当前位置:网站首页>Save the memory of the model! Meta & UC Berkeley proposed memvit. The modeling time support is 30 times longer than the existing model, and the calculation amount is only increased by 4.5%
Save the memory of the model! Meta & UC Berkeley proposed memvit. The modeling time support is 30 times longer than the existing model, and the calculation amount is only increased by 4.5%
2022-07-07 18:34:00 【I love computer vision】
Official account , Find out CV The beauty of Technology
CVPR 2022 The paper 『MeMViT: Memory-Augmented Multiscale Vision Transformer for Efficient Long-Term Video Recognition』,Facebook&UC Berkeley Put forward MeMViT, Modeling time support is longer than existing models 30 times , Calculation amount only increases 4.5%
The details are as follows :
Thesis link :https://arxiv.org/abs/2201.08383
01
Abstract
Although today's video recognition systems accurately parse short clips , But they can't reason in a longer time frame . Most existing video architectures can only handle <5 The second video , Without encountering computing or memory bottlenecks .
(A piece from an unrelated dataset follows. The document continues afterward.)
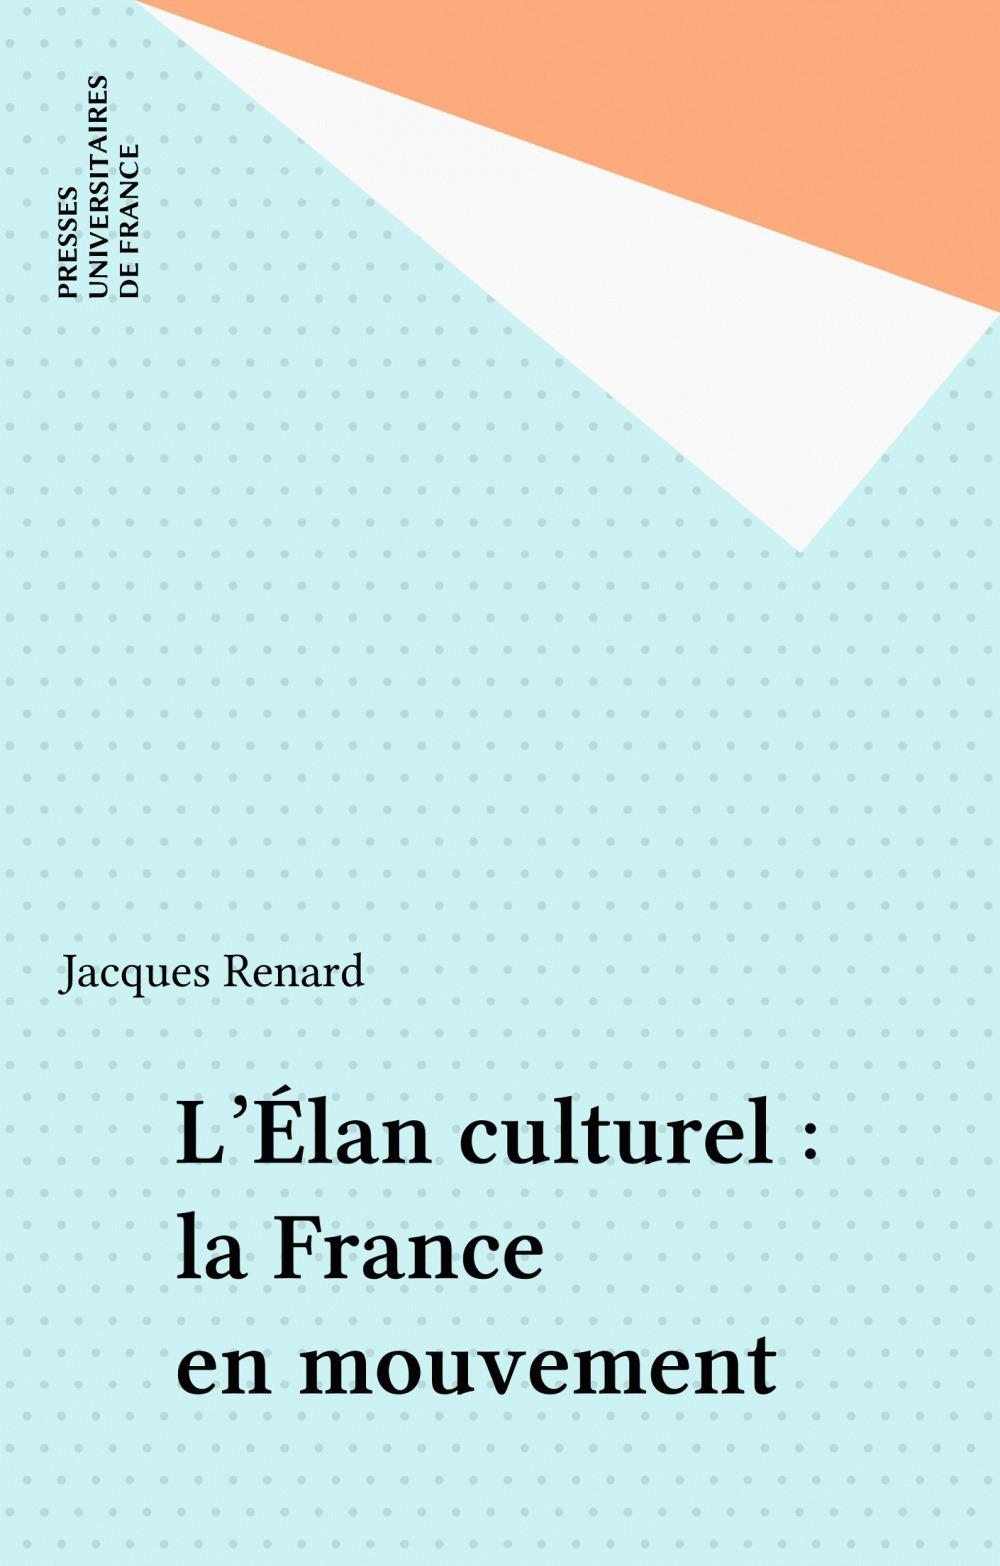 Jacques Renard L'Élan culturel : la France en mouvement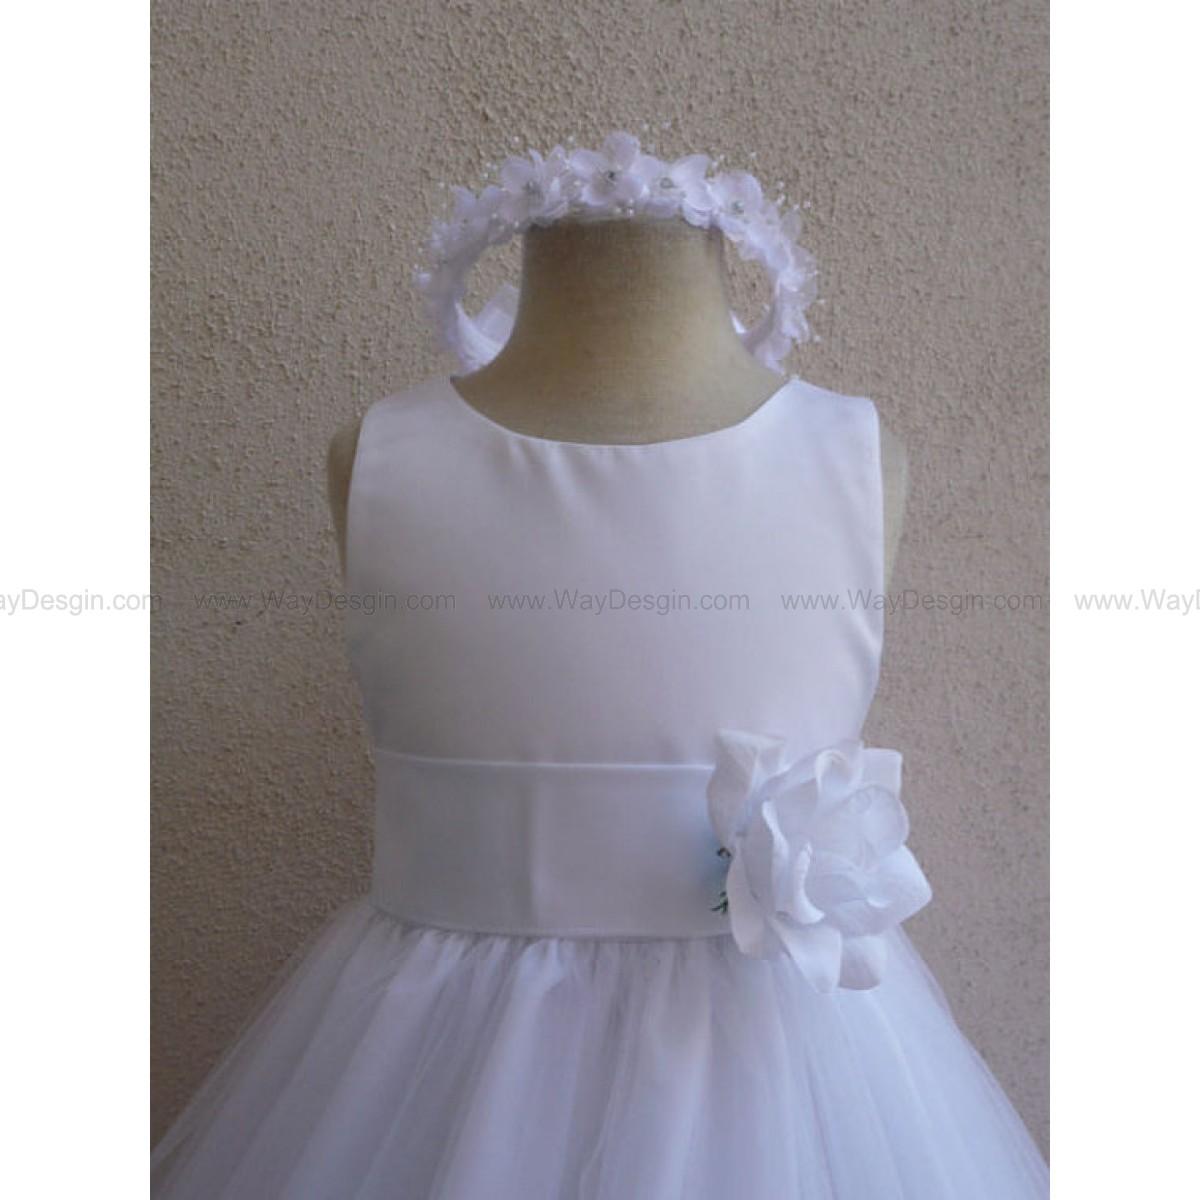 Flower Girl Dress - White Rose Petal Dress with White - Wedding, Easter, Junior Bridesmaid, Formal Girl Dress, Recital

In this paper , The author proposes a new strategy to overcome this challenge . The author proposes to process video online , And cache at each iteration “ memory ”, Instead of processing more frames at a time like most existing methods . Through memory , The model can refer to the previous context for long-term modeling , Just marginal cost . Based on this idea , The author constructed MeMViT, A memory enhanced multiscale vision Transformer, Its time support is longer than existing models 30 times , Calculation amount only increases 4.5%; Traditional methods need to exceed 3000% To complete the same operation .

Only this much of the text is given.